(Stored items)

======

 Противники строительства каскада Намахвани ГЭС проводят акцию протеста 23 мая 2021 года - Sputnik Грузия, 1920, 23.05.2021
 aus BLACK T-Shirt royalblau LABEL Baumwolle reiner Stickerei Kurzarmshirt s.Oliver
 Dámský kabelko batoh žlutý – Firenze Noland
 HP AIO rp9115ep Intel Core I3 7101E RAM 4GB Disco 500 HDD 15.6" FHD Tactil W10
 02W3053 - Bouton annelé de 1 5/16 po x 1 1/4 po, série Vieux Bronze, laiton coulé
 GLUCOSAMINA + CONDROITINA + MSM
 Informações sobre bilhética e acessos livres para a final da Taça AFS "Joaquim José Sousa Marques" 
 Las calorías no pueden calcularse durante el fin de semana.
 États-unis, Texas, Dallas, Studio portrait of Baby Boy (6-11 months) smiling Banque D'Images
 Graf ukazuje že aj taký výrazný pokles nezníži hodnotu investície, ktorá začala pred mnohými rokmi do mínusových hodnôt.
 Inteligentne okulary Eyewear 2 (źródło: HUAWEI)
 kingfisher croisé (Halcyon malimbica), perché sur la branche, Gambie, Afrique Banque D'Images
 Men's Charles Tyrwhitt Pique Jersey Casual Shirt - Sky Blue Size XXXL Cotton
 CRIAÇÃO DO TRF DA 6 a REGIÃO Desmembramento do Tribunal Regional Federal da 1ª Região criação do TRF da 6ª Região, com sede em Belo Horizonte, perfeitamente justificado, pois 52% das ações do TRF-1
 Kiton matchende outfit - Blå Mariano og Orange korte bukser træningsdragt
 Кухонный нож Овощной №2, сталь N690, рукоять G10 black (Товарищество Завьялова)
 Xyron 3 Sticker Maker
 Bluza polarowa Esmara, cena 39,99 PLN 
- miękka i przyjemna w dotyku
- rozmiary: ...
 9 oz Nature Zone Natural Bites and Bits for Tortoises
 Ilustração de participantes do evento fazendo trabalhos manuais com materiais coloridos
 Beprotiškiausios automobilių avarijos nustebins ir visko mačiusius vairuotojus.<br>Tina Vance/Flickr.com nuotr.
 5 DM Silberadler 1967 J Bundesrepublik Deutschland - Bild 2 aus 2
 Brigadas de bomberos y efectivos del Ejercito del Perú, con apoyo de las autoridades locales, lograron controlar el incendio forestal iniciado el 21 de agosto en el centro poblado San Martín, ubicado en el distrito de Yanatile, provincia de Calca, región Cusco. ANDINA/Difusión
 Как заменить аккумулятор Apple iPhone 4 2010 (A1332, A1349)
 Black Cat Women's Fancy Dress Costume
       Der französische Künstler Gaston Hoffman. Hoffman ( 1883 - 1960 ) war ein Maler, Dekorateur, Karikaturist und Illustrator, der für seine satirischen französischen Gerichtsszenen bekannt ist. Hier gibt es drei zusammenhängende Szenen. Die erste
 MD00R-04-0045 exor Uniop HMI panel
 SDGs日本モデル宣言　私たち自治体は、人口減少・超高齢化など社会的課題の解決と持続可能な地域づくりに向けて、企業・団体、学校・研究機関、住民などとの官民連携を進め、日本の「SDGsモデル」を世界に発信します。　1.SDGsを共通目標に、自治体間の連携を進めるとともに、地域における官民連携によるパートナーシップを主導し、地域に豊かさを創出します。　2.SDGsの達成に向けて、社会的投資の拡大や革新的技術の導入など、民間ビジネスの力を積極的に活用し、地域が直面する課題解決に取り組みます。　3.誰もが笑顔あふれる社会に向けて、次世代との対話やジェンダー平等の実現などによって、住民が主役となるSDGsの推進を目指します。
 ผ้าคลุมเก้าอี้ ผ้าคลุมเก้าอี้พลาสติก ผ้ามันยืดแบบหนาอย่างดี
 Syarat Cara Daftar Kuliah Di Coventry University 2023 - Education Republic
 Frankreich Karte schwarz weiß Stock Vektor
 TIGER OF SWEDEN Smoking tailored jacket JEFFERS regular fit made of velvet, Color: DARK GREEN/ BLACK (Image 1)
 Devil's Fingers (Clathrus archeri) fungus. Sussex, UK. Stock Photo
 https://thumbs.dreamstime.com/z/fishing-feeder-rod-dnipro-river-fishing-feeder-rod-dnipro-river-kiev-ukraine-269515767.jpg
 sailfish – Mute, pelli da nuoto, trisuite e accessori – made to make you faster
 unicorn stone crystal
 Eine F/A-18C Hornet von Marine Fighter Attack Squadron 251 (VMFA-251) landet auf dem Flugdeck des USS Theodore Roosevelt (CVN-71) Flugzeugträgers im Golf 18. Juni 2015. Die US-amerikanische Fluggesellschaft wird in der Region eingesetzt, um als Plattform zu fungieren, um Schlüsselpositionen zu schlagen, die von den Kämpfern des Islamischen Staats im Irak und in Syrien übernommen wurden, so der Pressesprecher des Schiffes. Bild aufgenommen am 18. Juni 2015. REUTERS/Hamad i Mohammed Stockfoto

======

◆ Work request
The required output is the set of lines from the first line of the data through the line that contains "Informações sobre bilhética", transcribed exactly.

◆ Exercise output
 Противники строительства каскада Намахвани ГЭС проводят акцию протеста 23 мая 2021 года - Sputnik Грузия, 1920, 23.05.2021
 aus BLACK T-Shirt royalblau LABEL Baumwolle reiner Stickerei Kurzarmshirt s.Oliver
 Dámský kabelko batoh žlutý – Firenze Noland
 HP AIO rp9115ep Intel Core I3 7101E RAM 4GB Disco 500 HDD 15.6" FHD Tactil W10
 02W3053 - Bouton annelé de 1 5/16 po x 1 1/4 po, série Vieux Bronze, laiton coulé
 GLUCOSAMINA + CONDROITINA + MSM
 Informações sobre bilhética e acessos livres para a final da Taça AFS "Joaquim José Sousa Marques" 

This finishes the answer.